Data below:
--------
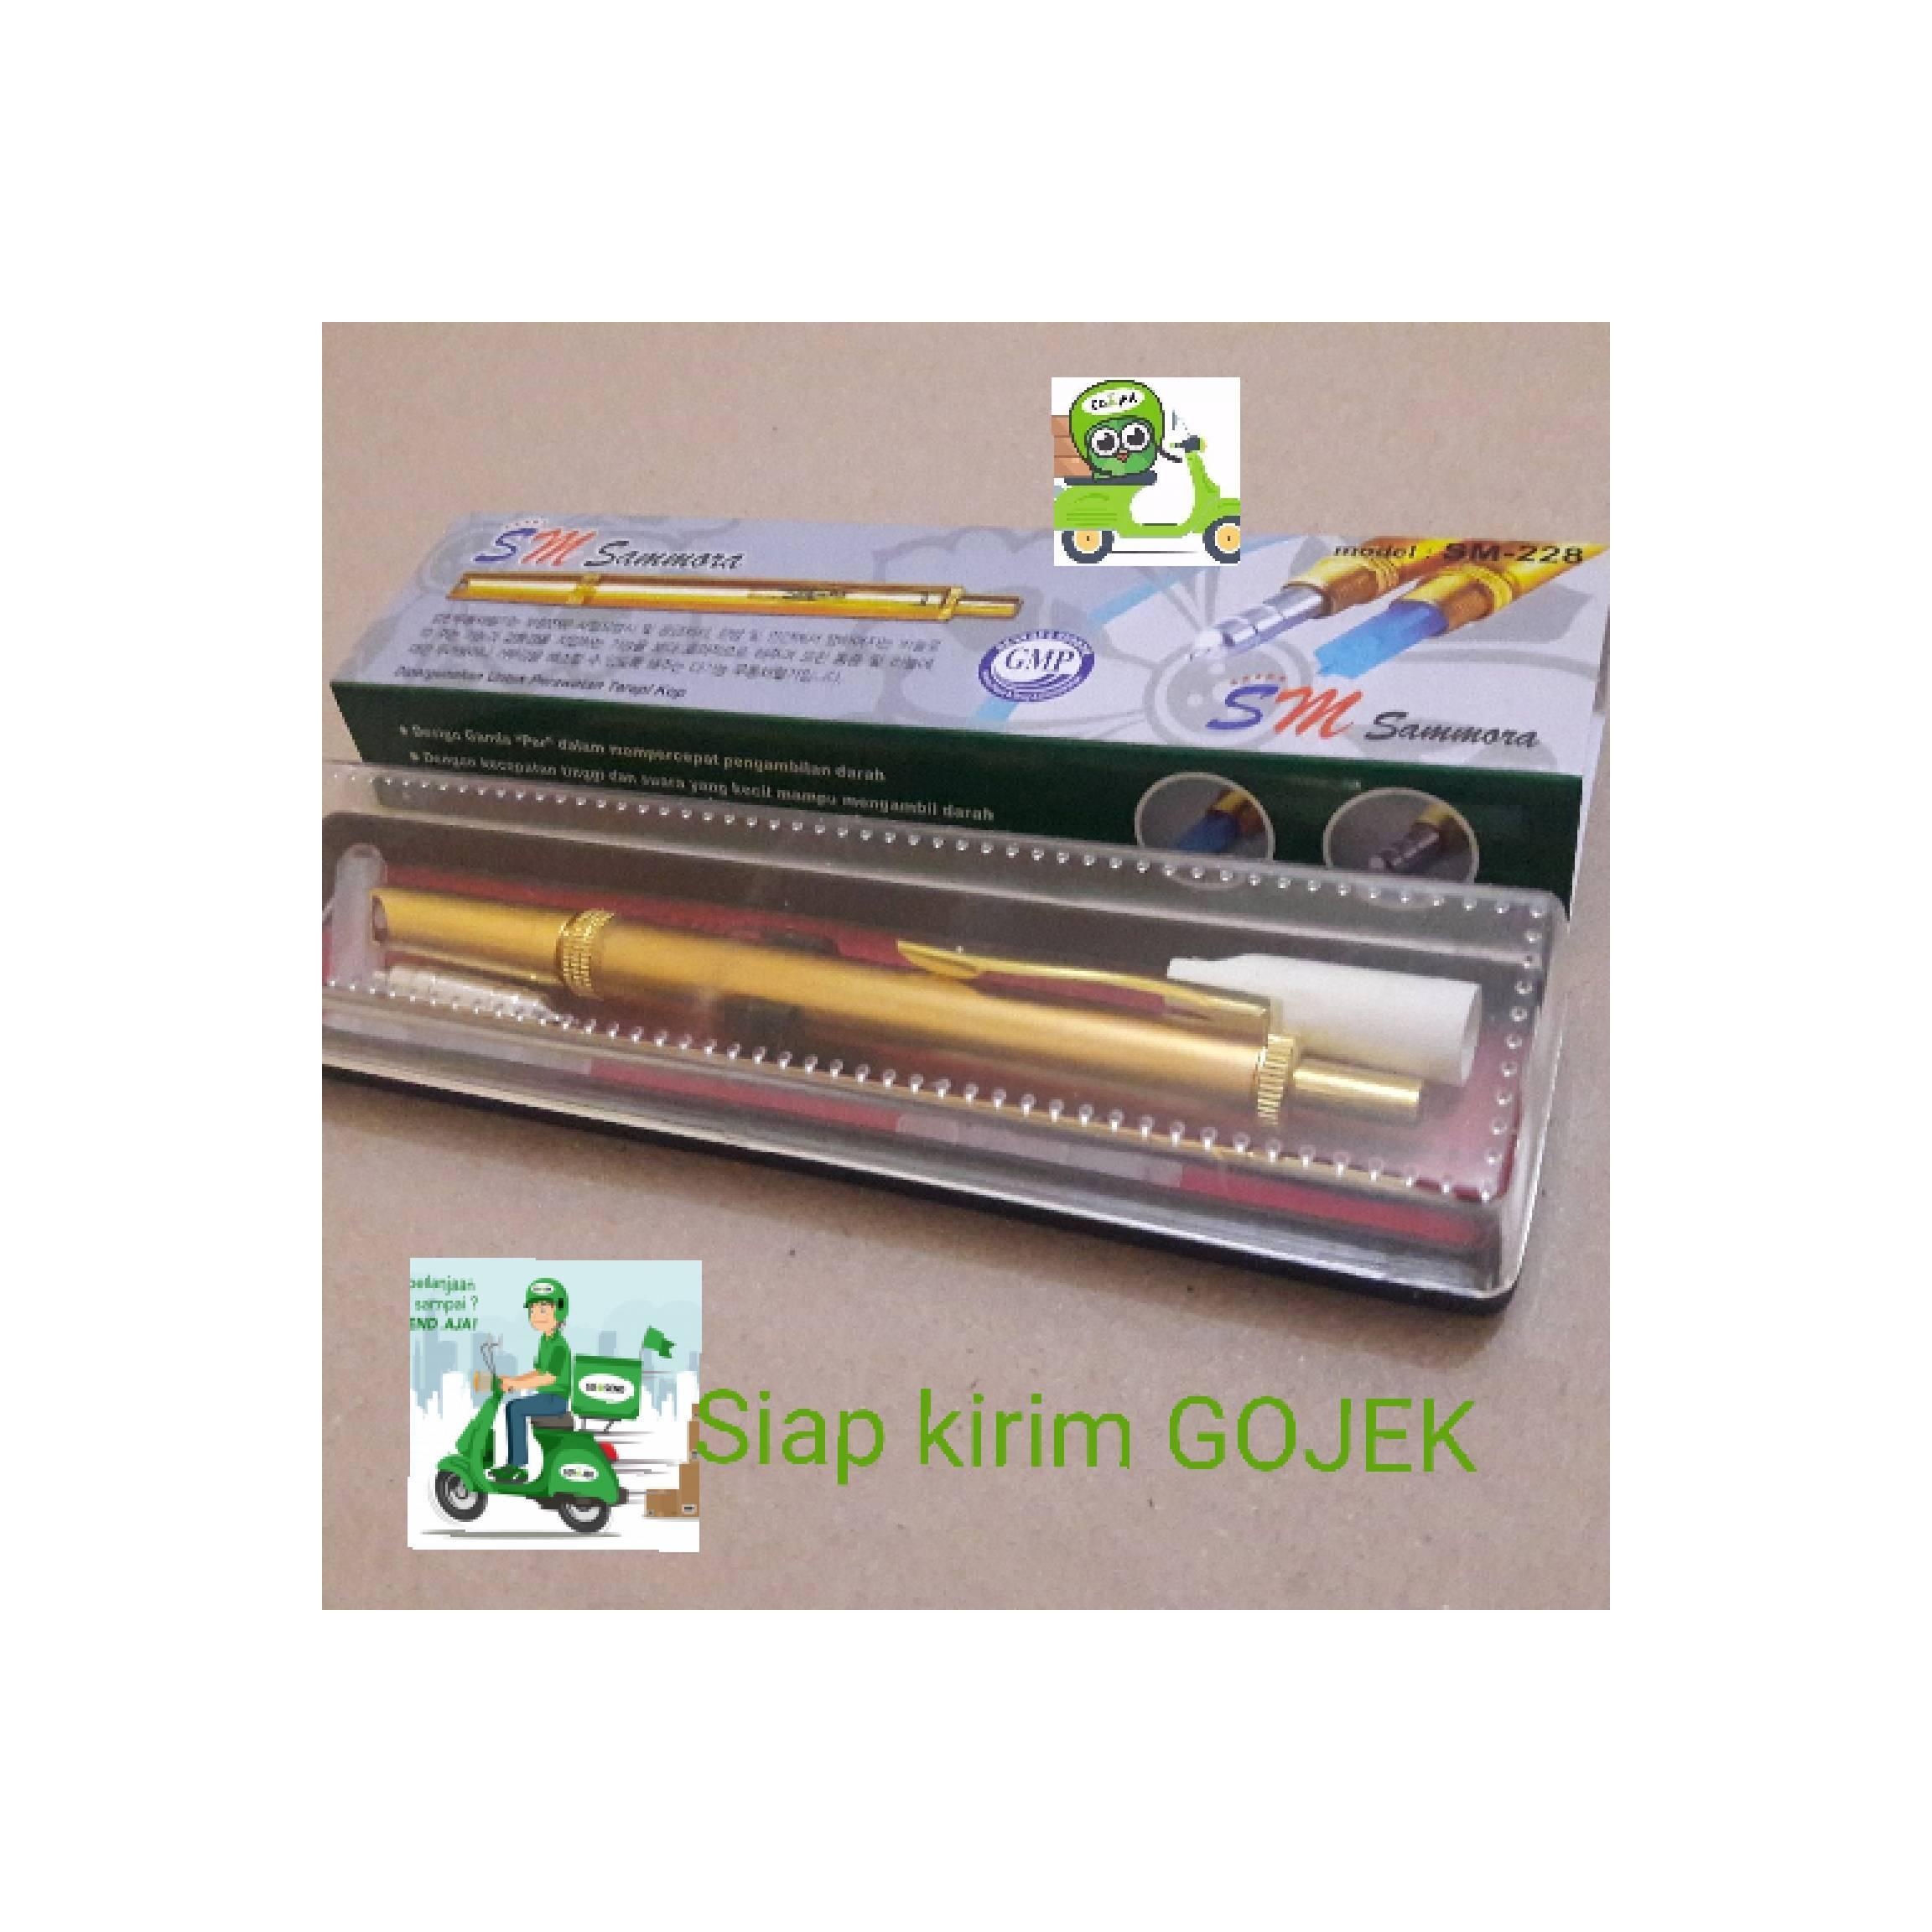 Yin Yang Pena Alat Bekam Lancing Gold Daftar Harga Terlengkap Samora 12 Pcs Premium Pen Stainless Sammora Dus Biru Device
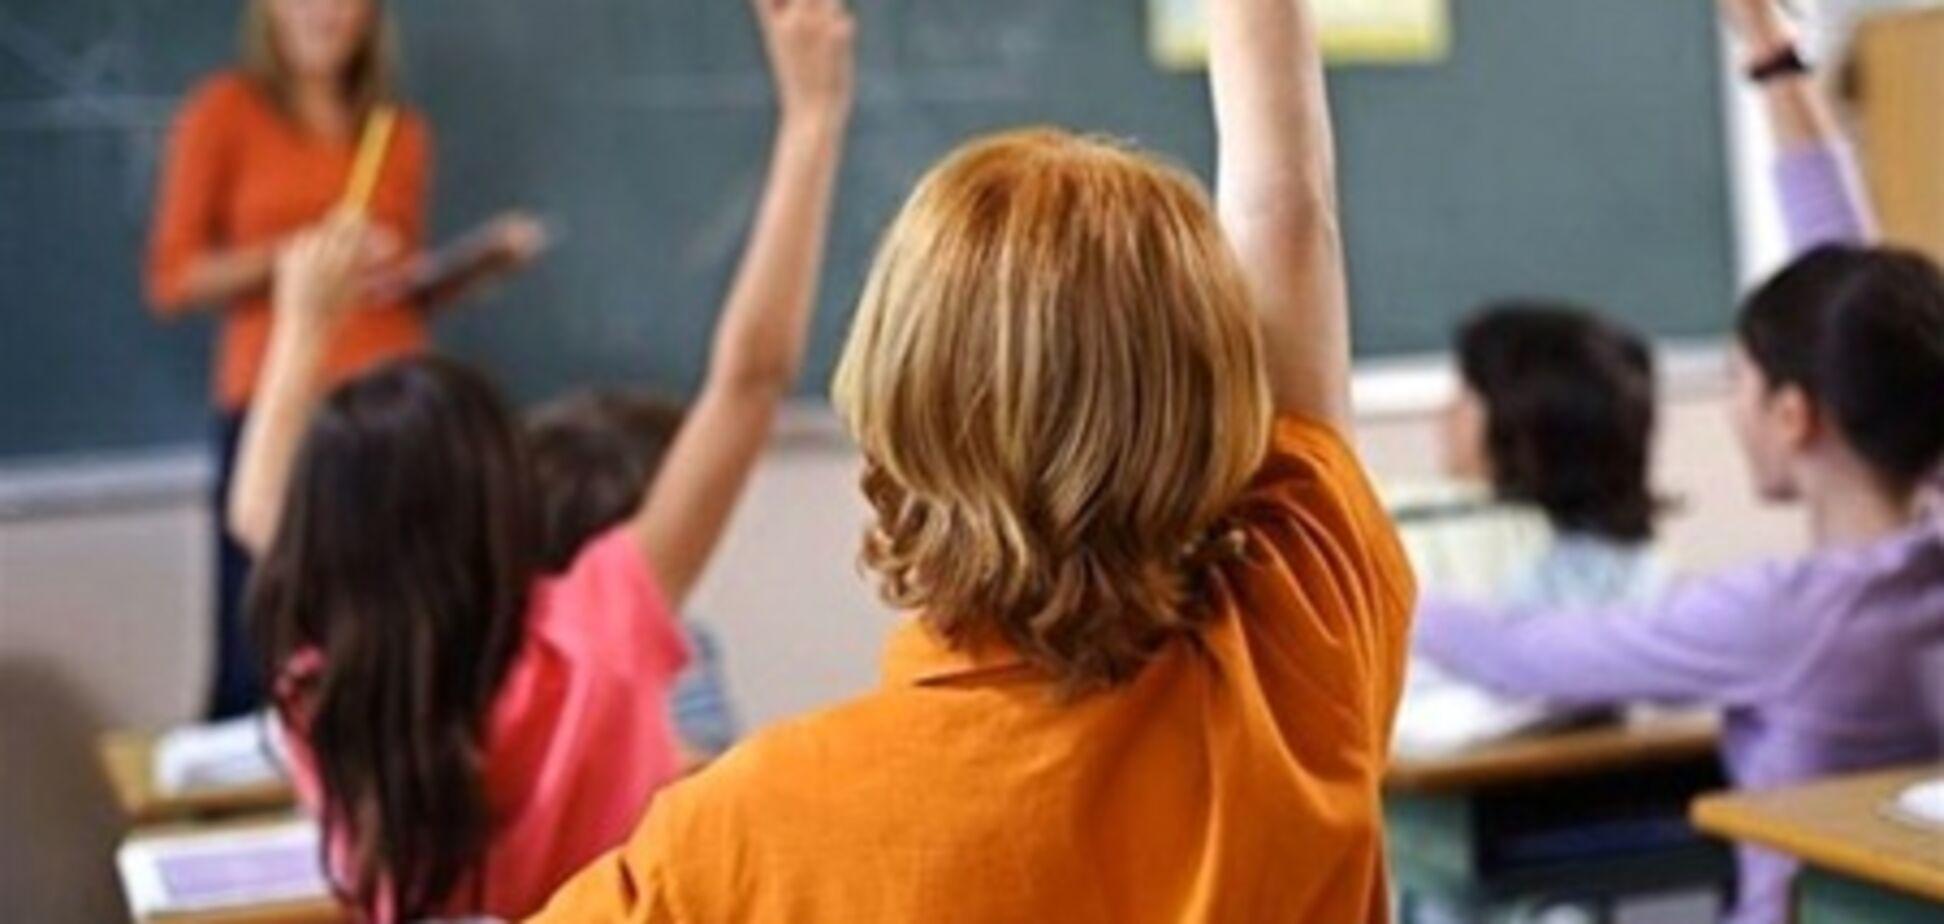 Школьник  во время ссоры проломил череп своему однокласснику
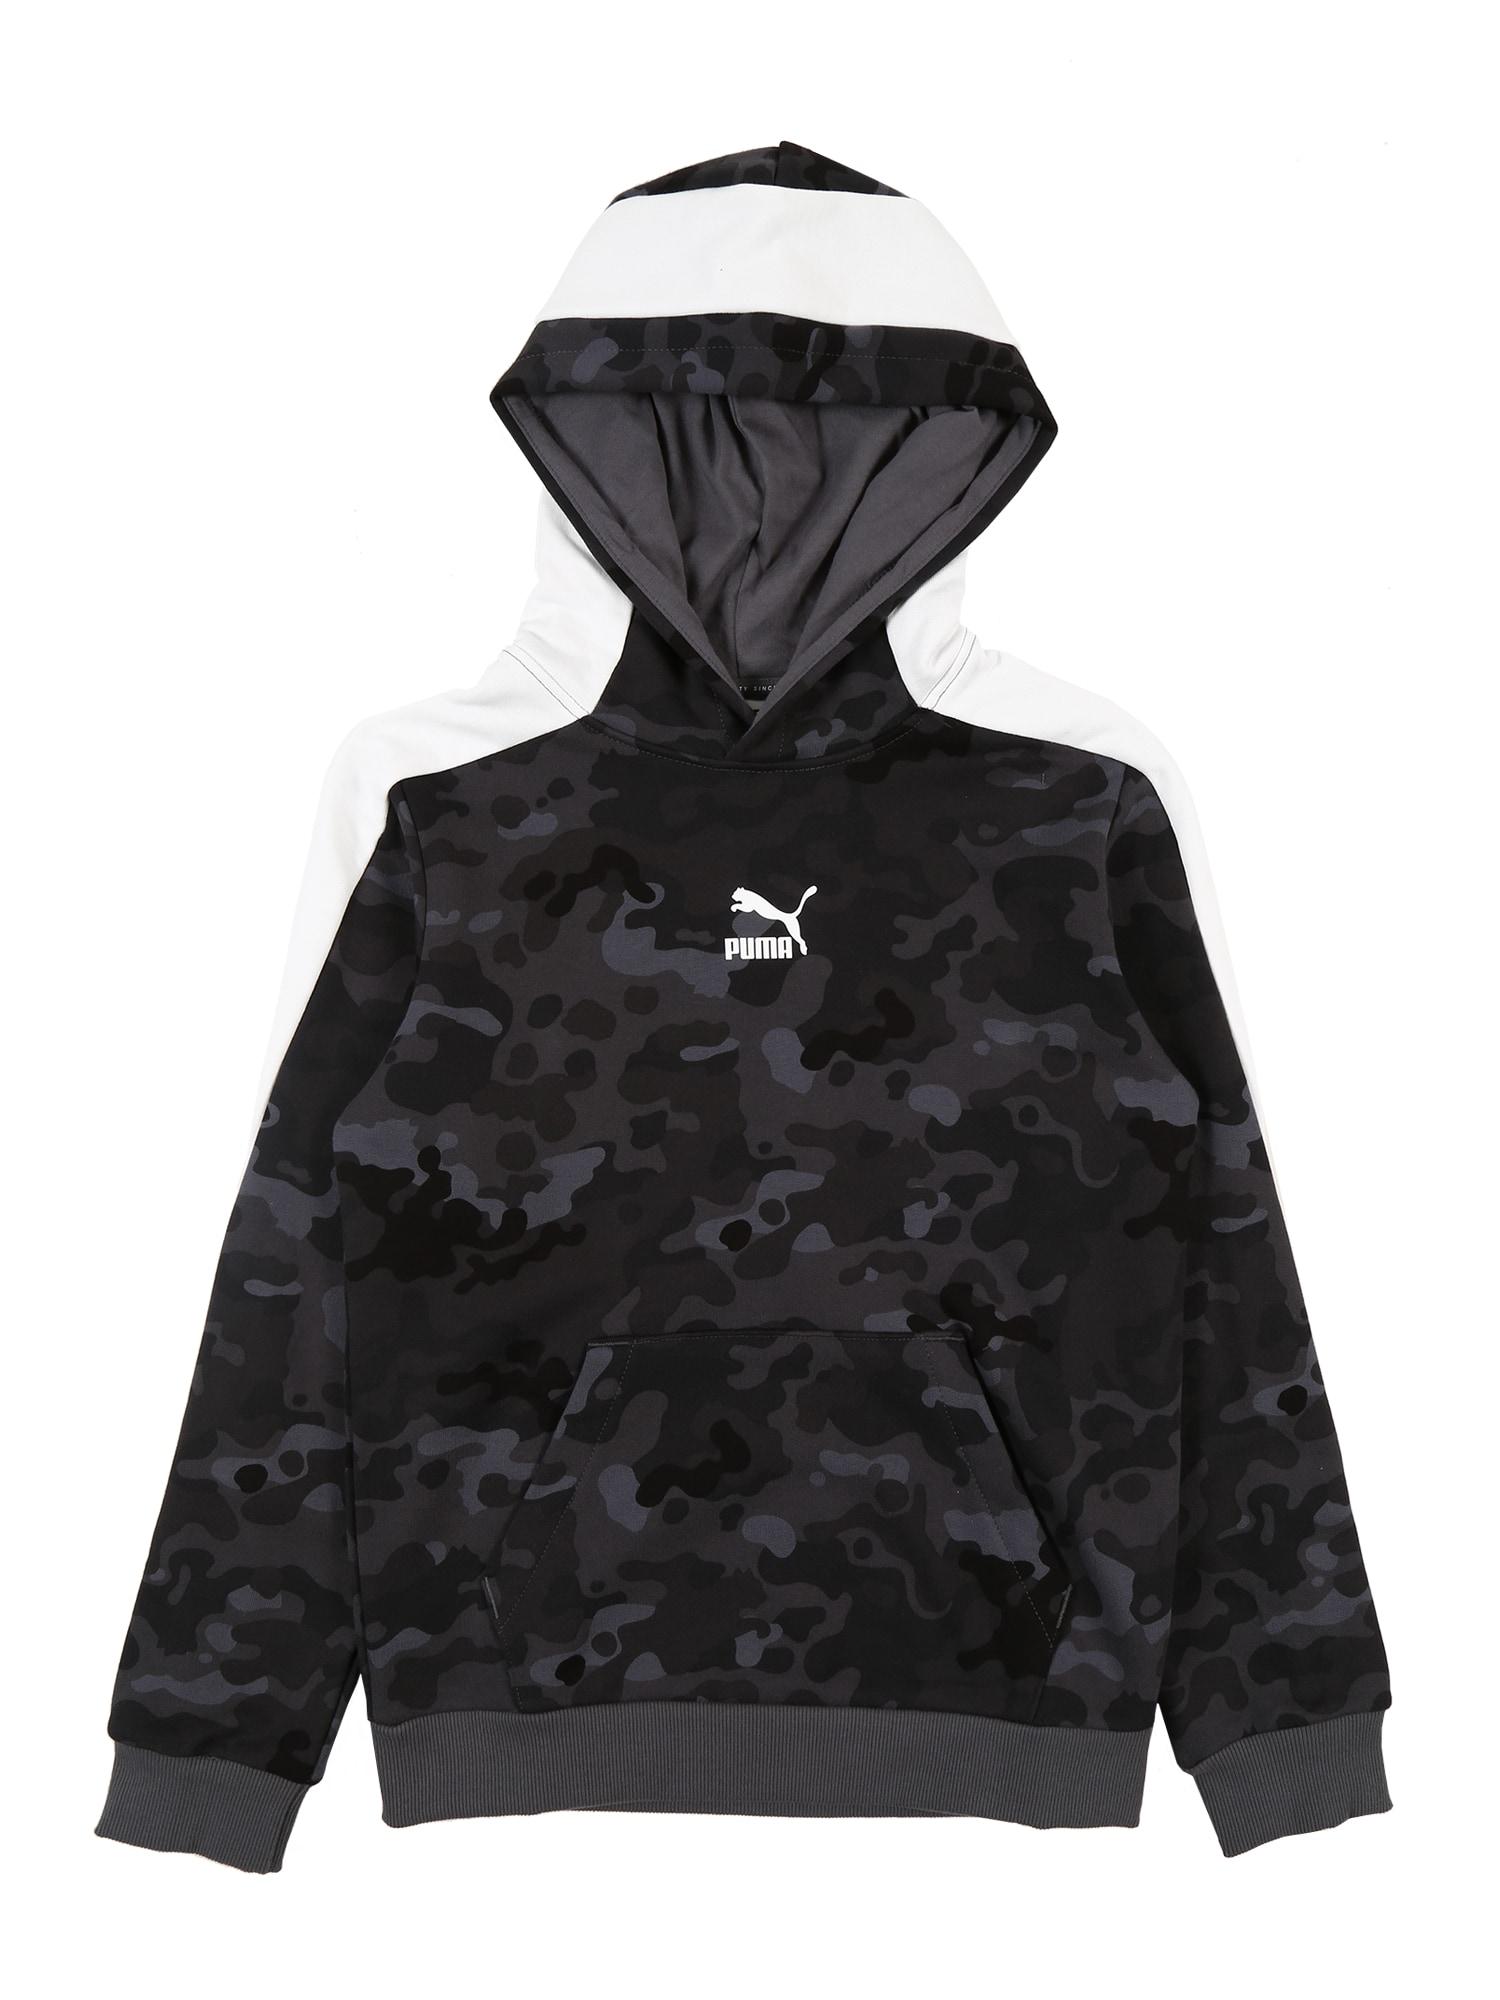 PUMA Sportinio tipo megztinis pilka / tamsiai pilka / juoda
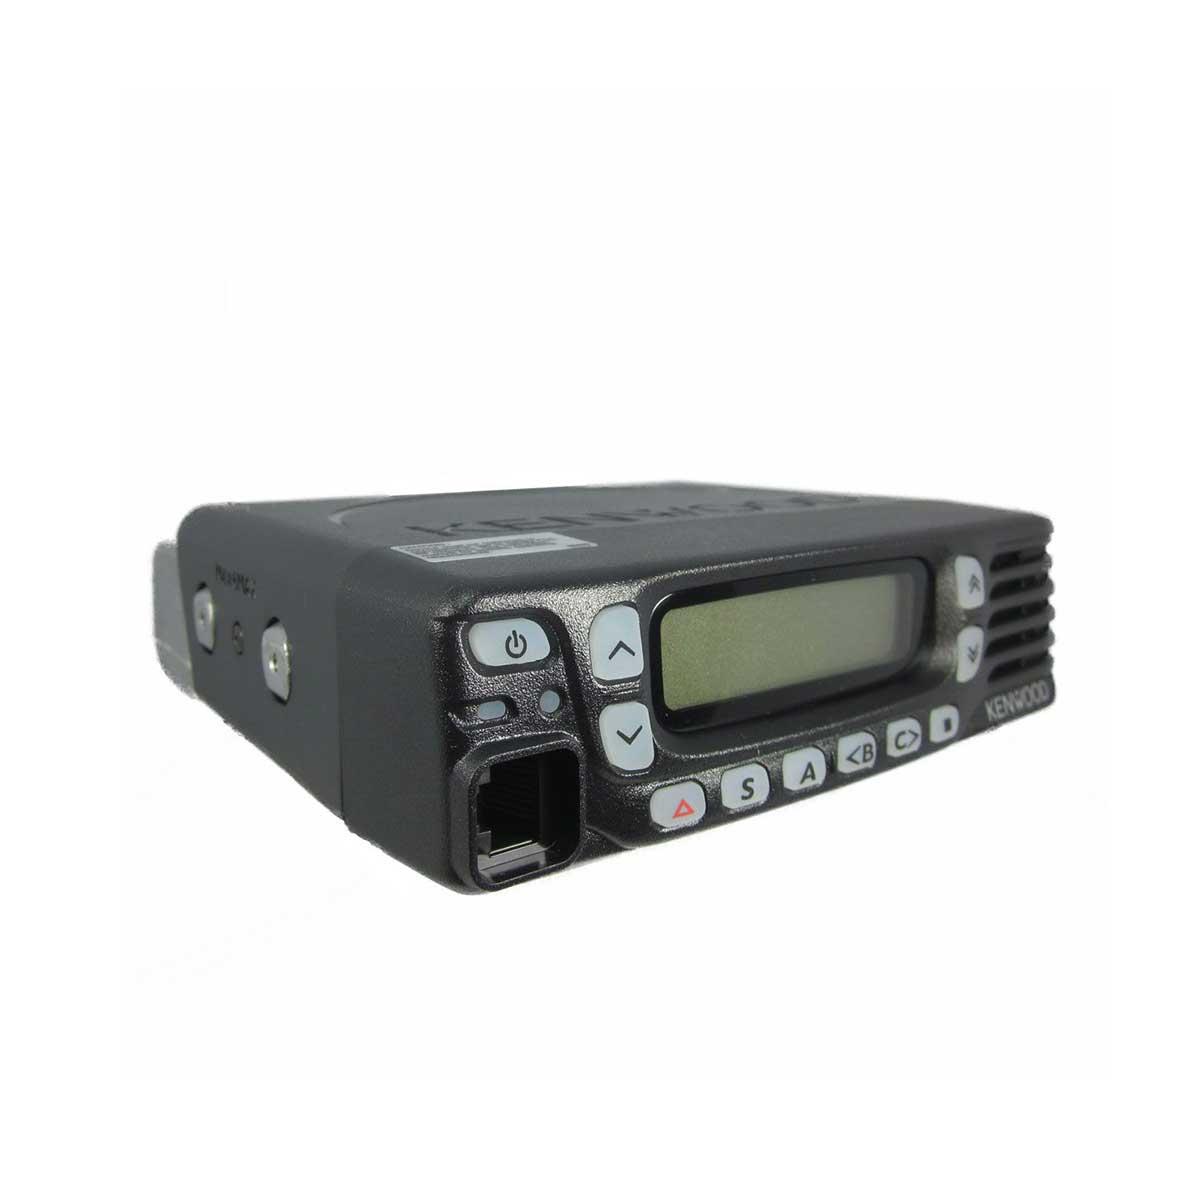 Radio Kenwood TK-8360 Analógico UHF 400-470 MHz
--------
Task details:
Output the listing above exactly, excluding all pictures.

Task solution:
 Yin Yang Pena Alat Bekam Lancing Gold Daftar Harga Terlengkap Samora 12 Pcs Premium Pen Stainless Sammora Dus Biru Device
 Школьник  во время ссоры проломил череп своему однокласснику
 PUMA Sportinio tipo megztinis pilka / tamsiai pilka / juoda
 Radio Kenwood TK-8360 Analógico UHF 400-470 MHz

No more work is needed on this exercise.